··· STORED DATA

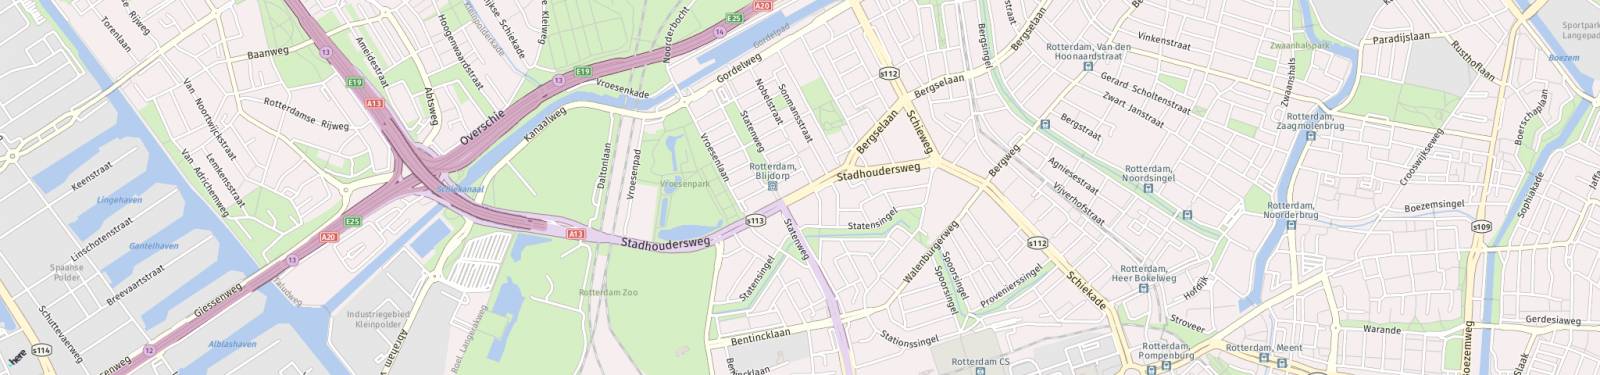 Kaart met locatie Appartement Stadhoudersweg
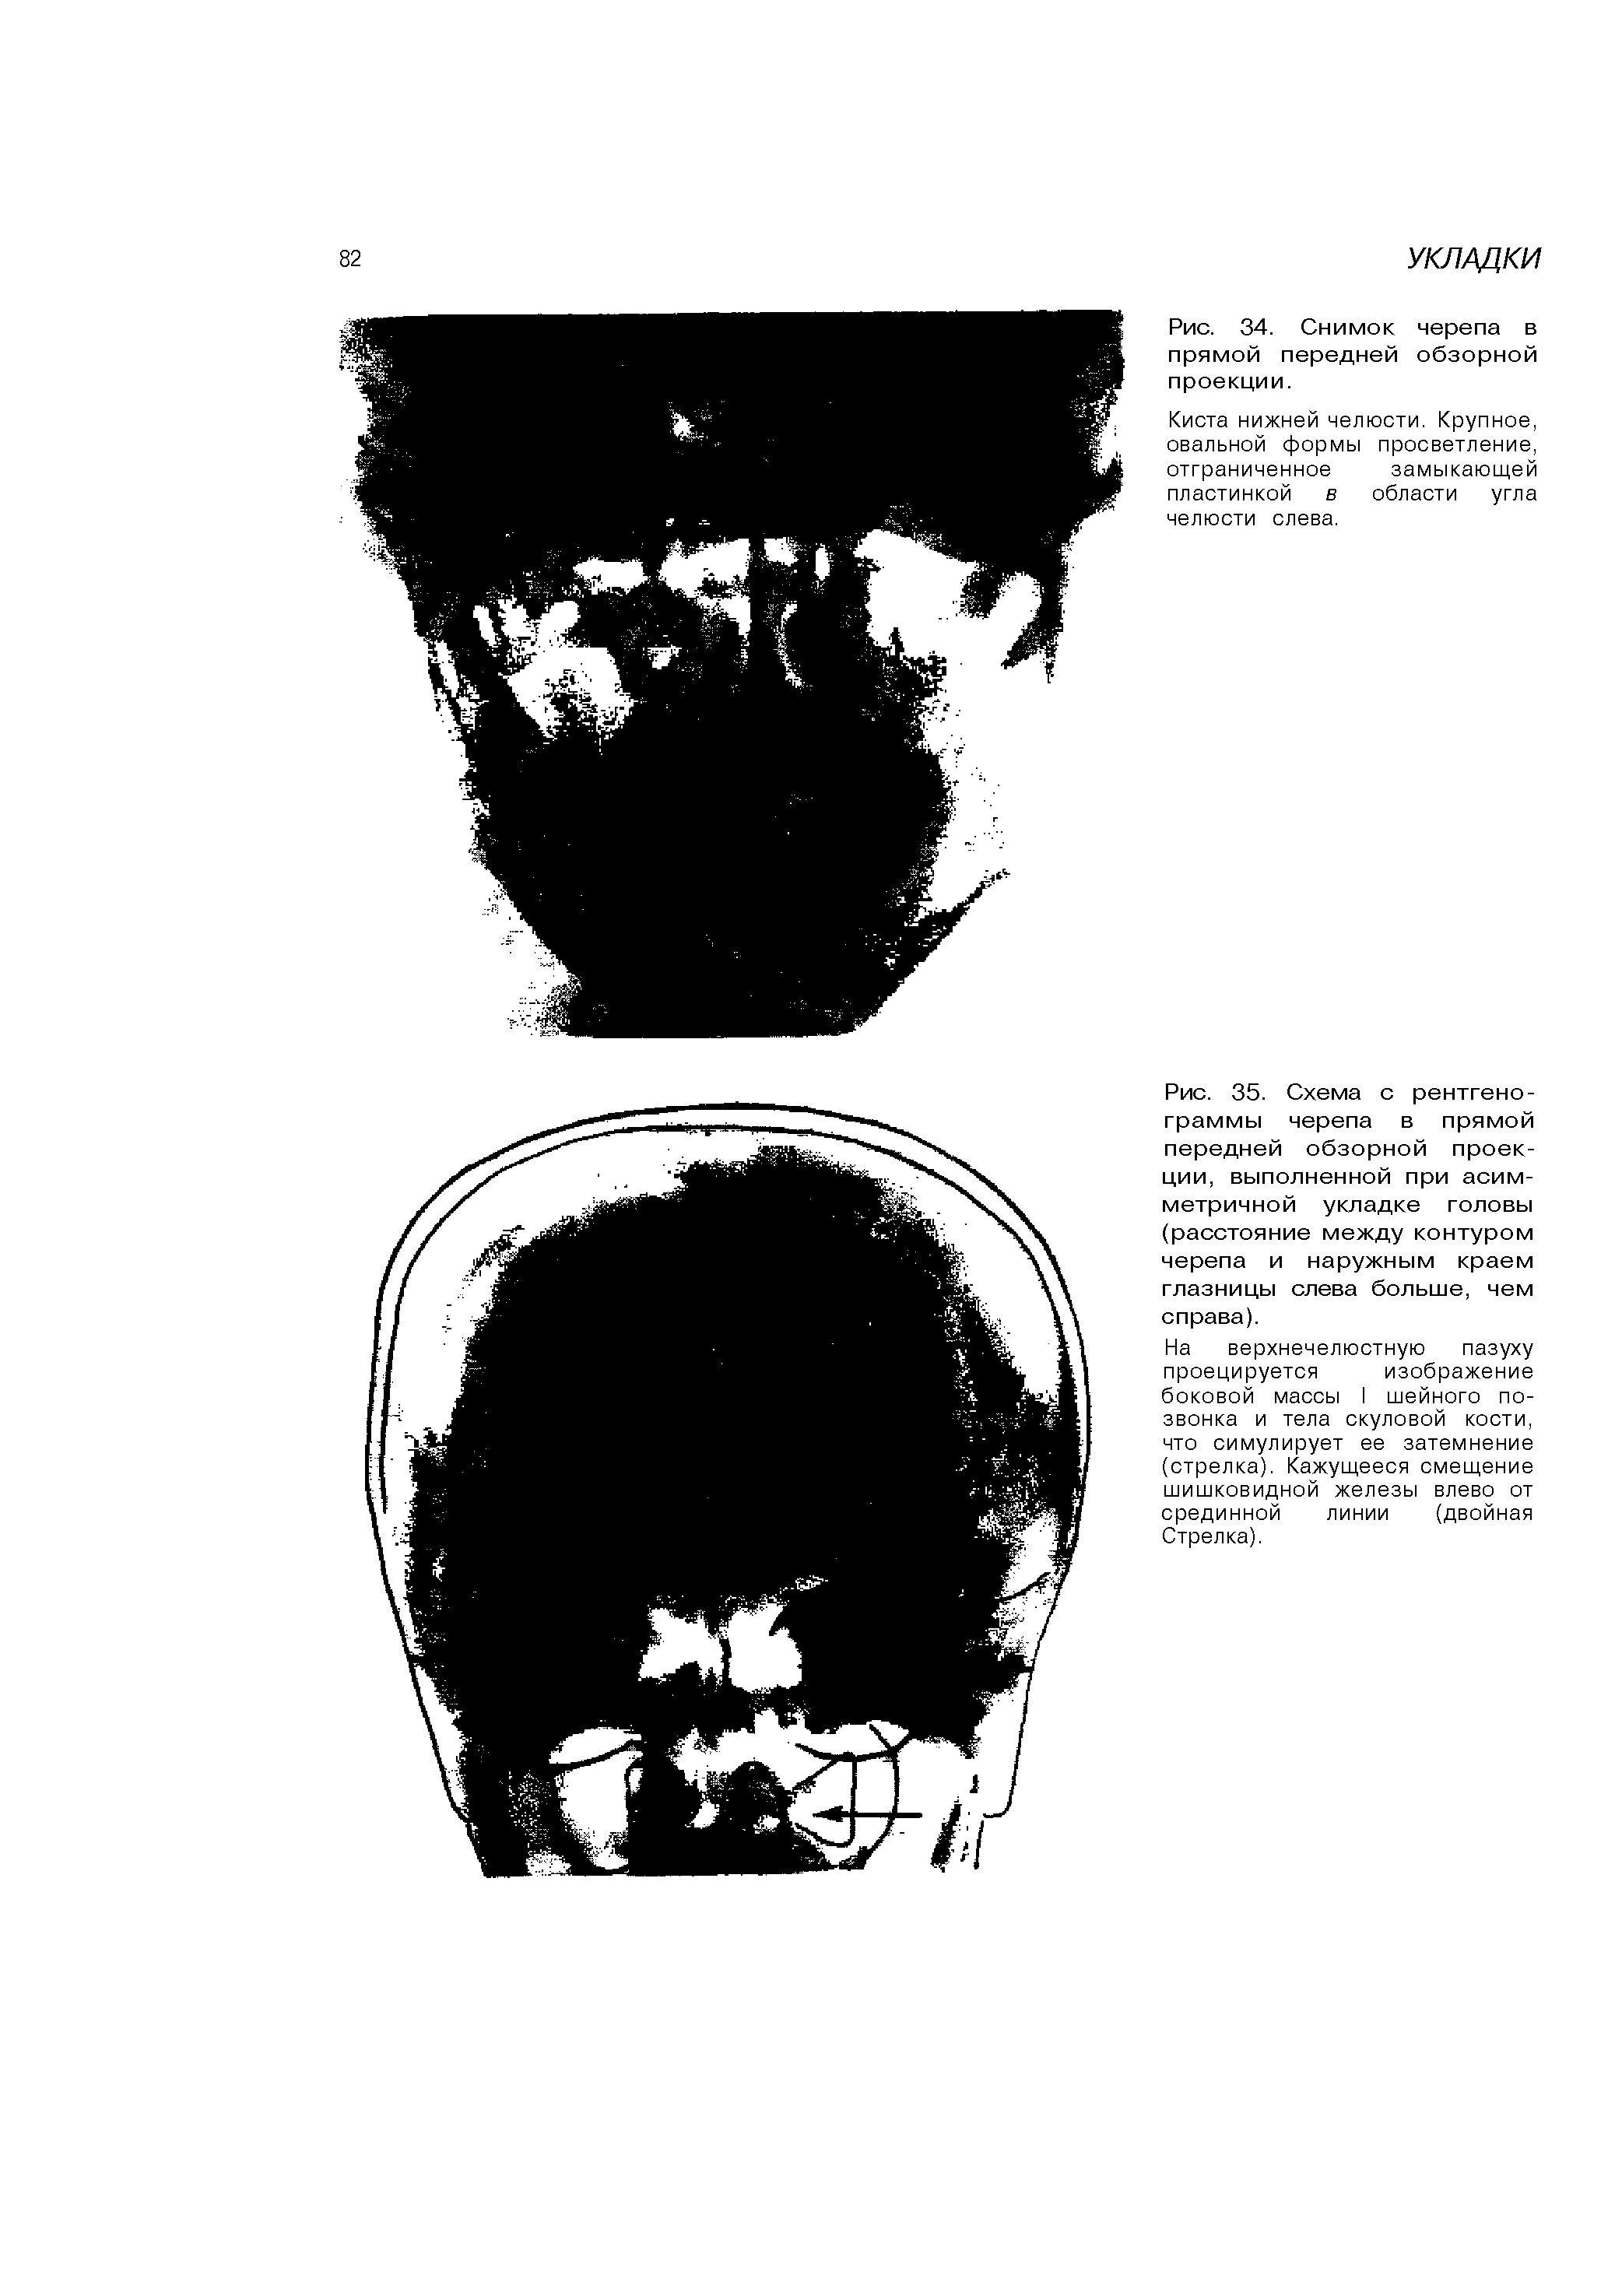 Рис. 35. Схема с рентгенограммы черепа в прямой передней обзорной проекции, выполненной при асимметричной укладке головы (расстояние между контуром черепа и наружным краем глазницы слева больше, чем справа).
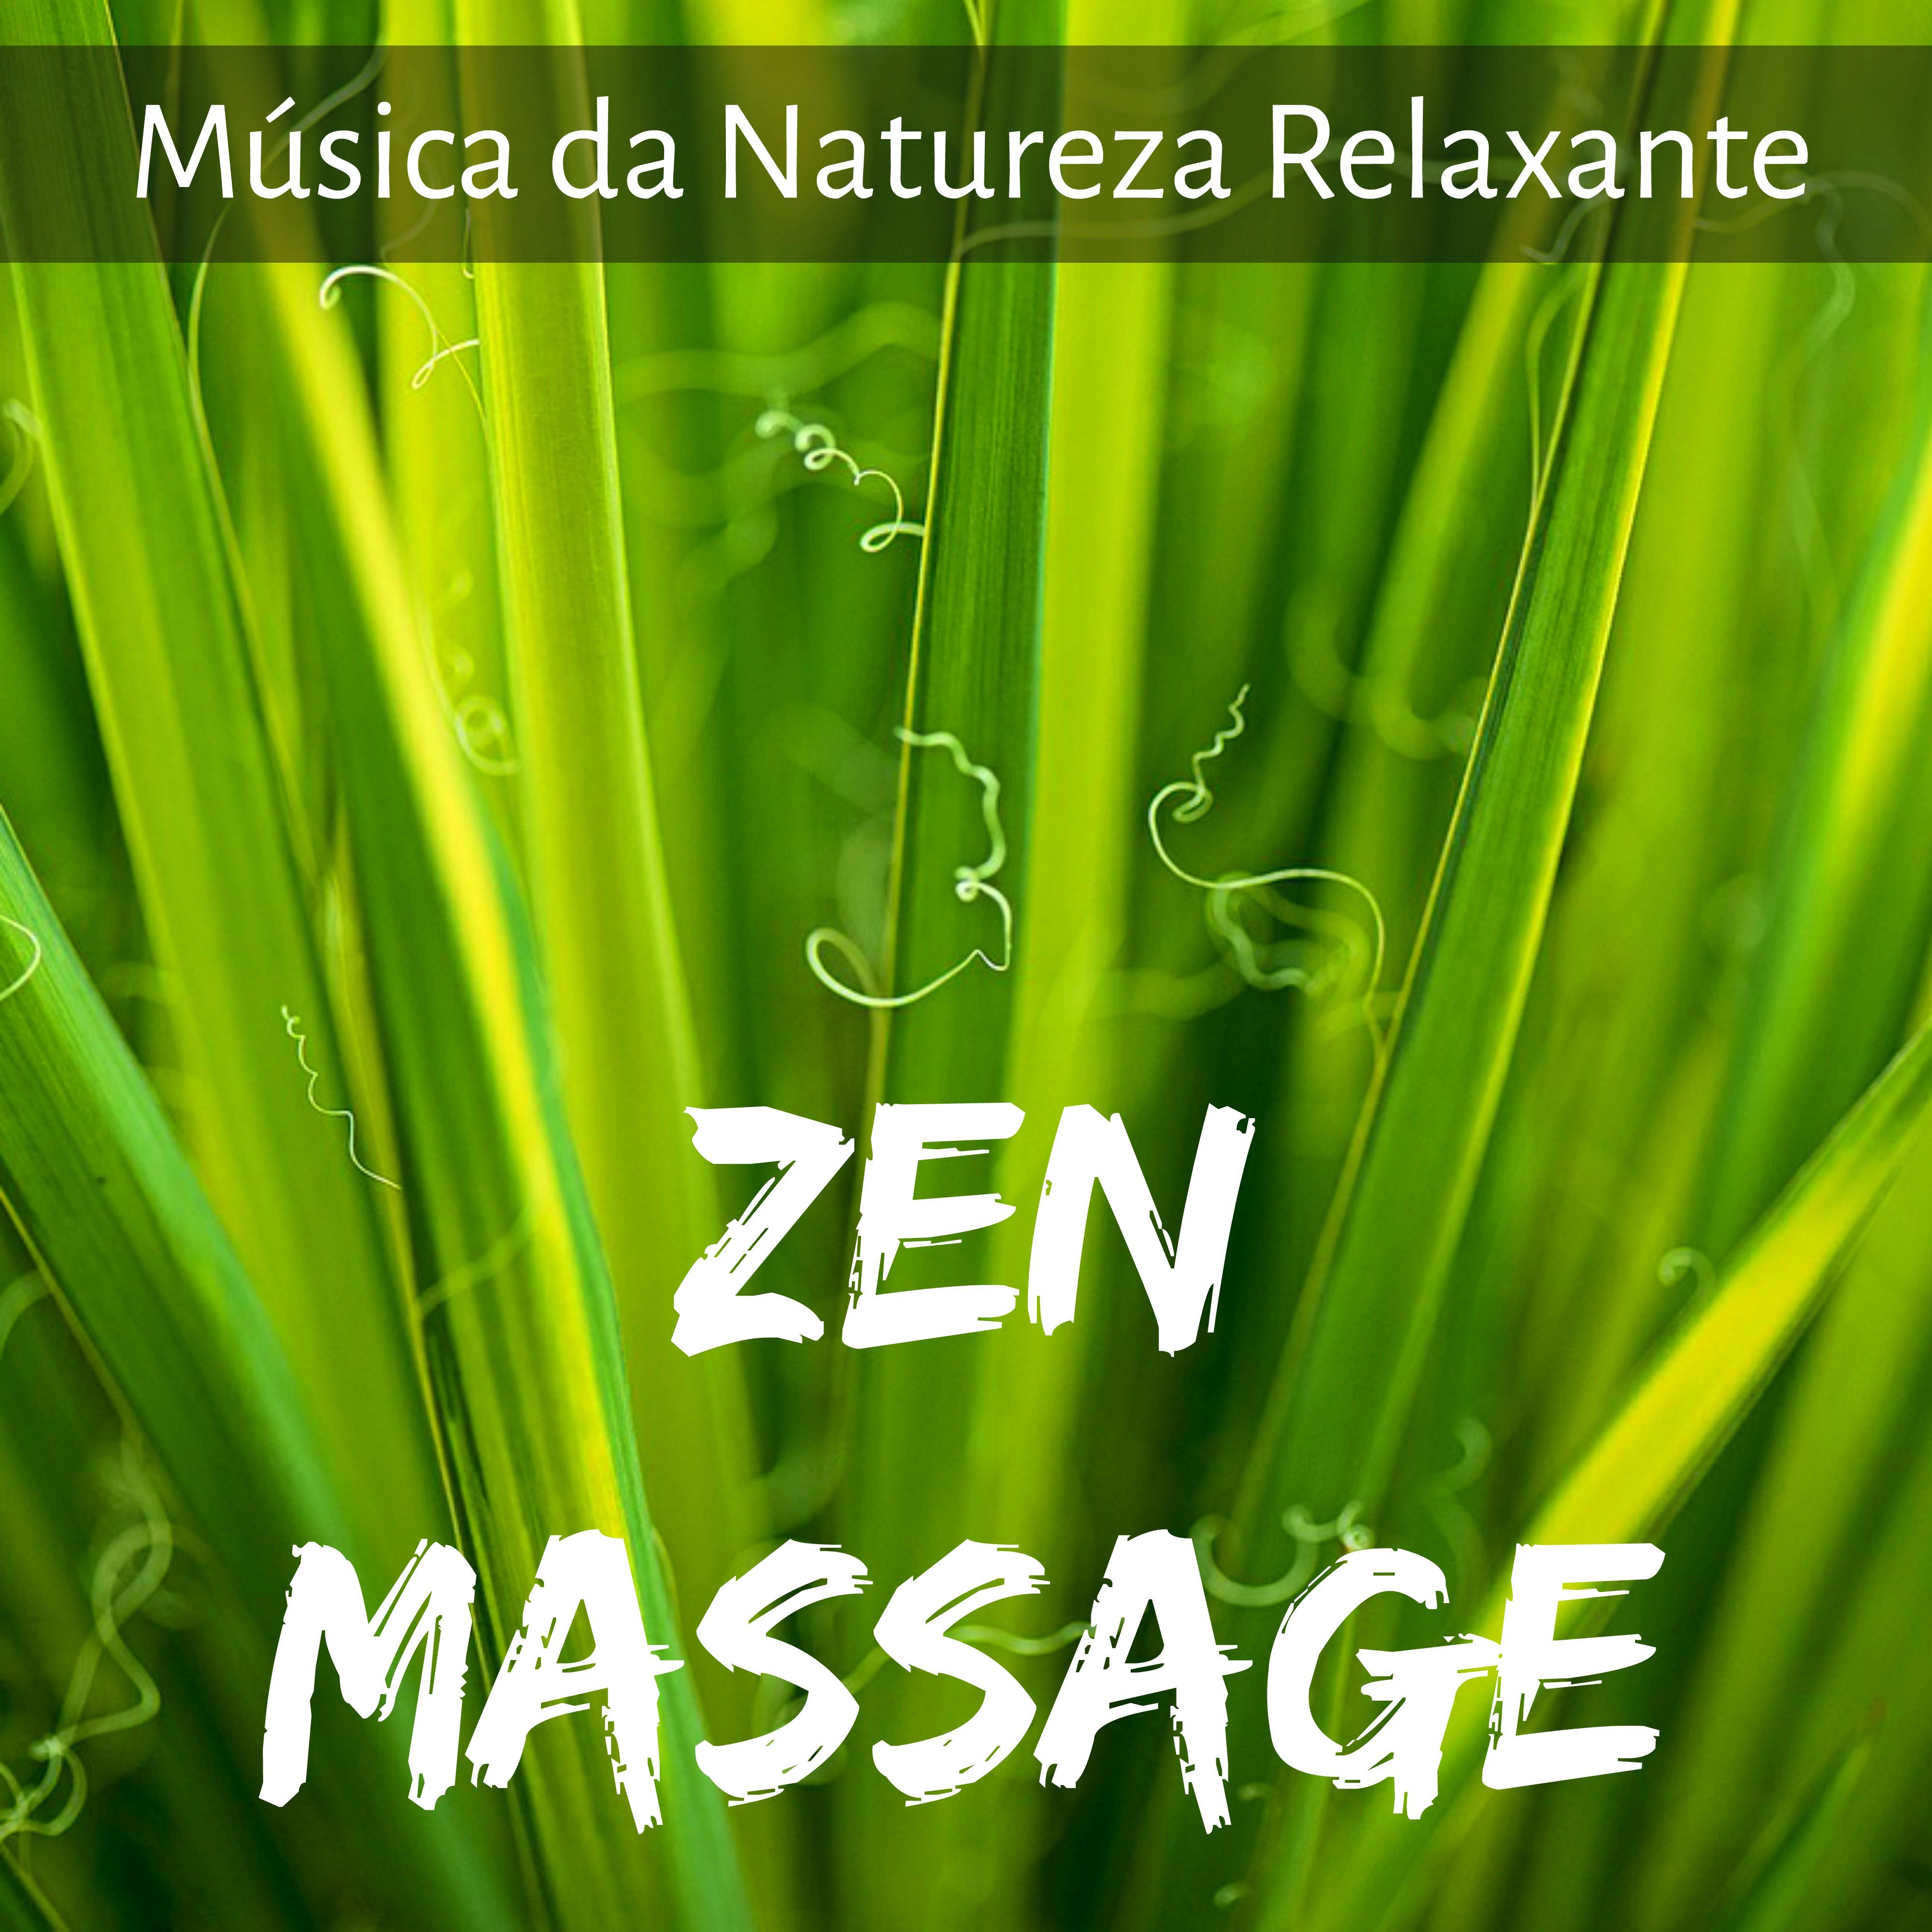 Zen Massage - Música da Natureza Relaxante para Bom Sono Meditação Chakras Saúde Bem Estar com Sons Instrumentais New Age Binaurais
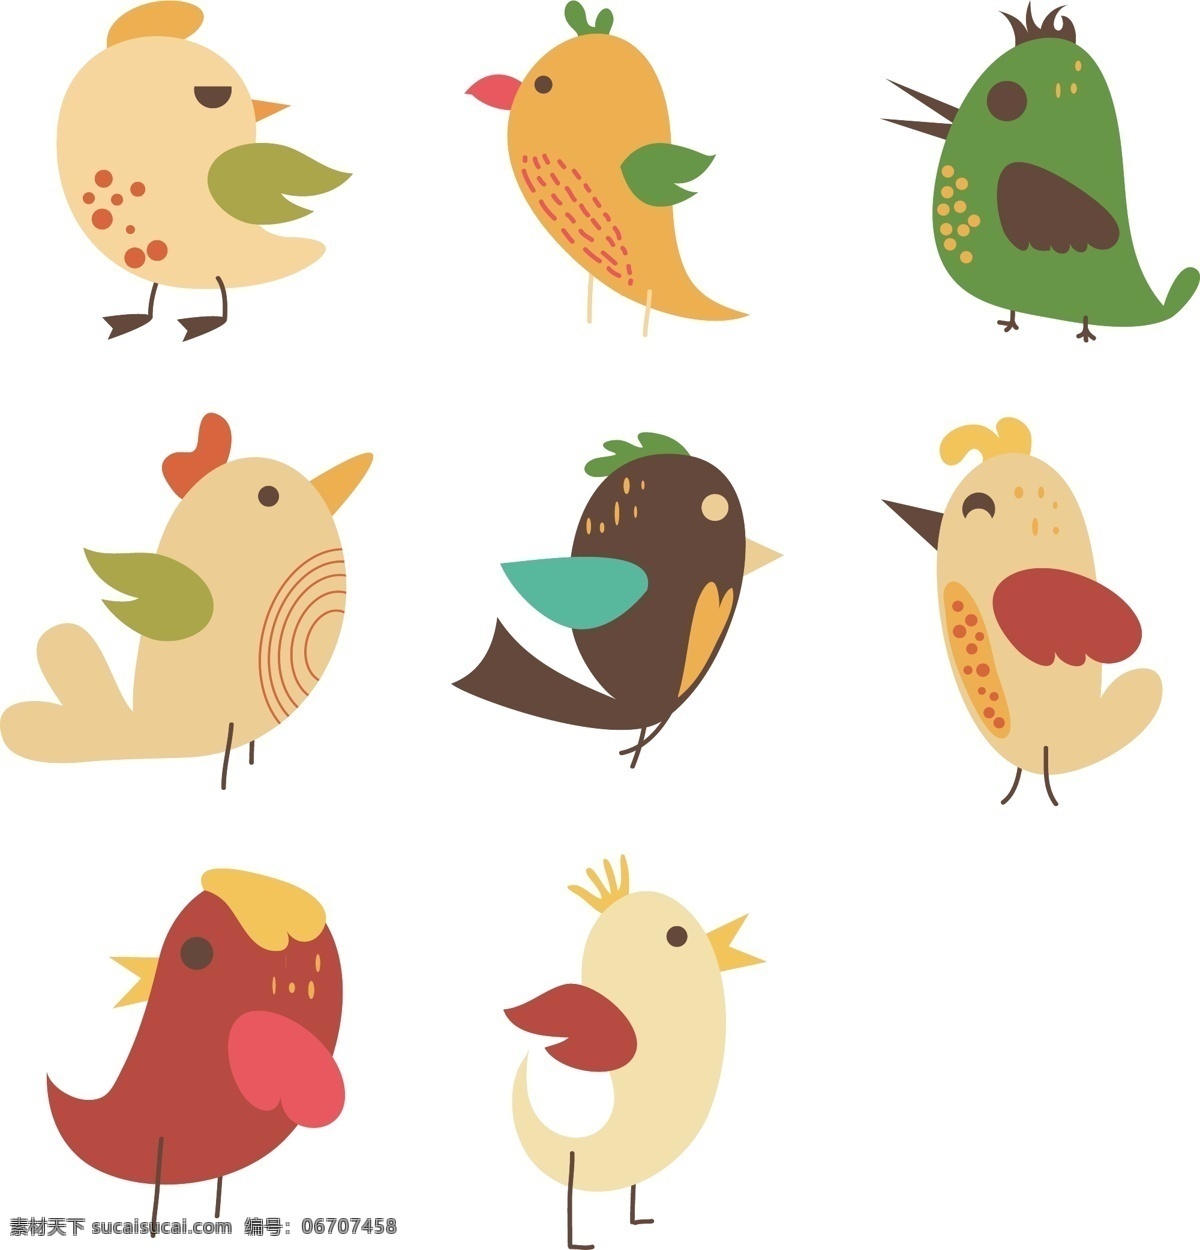 卡通 小鸟 可爱 元素 卡通小鸟 可爱小鸟 卡通动物 创意动物 装饰图案 动物图案 小鸟图案

······

WHAT IS EXPECTED -> Apart from the pictures, restate all of the listing above exactly.

YOUR SOLUTION ->
 Kaart met locatie Appartement Stadhoudersweg
 Рис. 35. Схема с рентгенограммы черепа в прямой передней обзорной проекции, выполненной при асимметричной укладке головы (расстояние между контуром черепа и наружным краем глазницы слева больше, чем справа).
 Zen Massage - Música da Natureza Relaxante para Bom Sono Meditação Chakras Saúde Bem Estar com Sons Instrumentais New Age Binaurais
 卡通 小鸟 可爱 元素 卡通小鸟 可爱小鸟 卡通动物 创意动物 装饰图案 动物图案 小鸟图案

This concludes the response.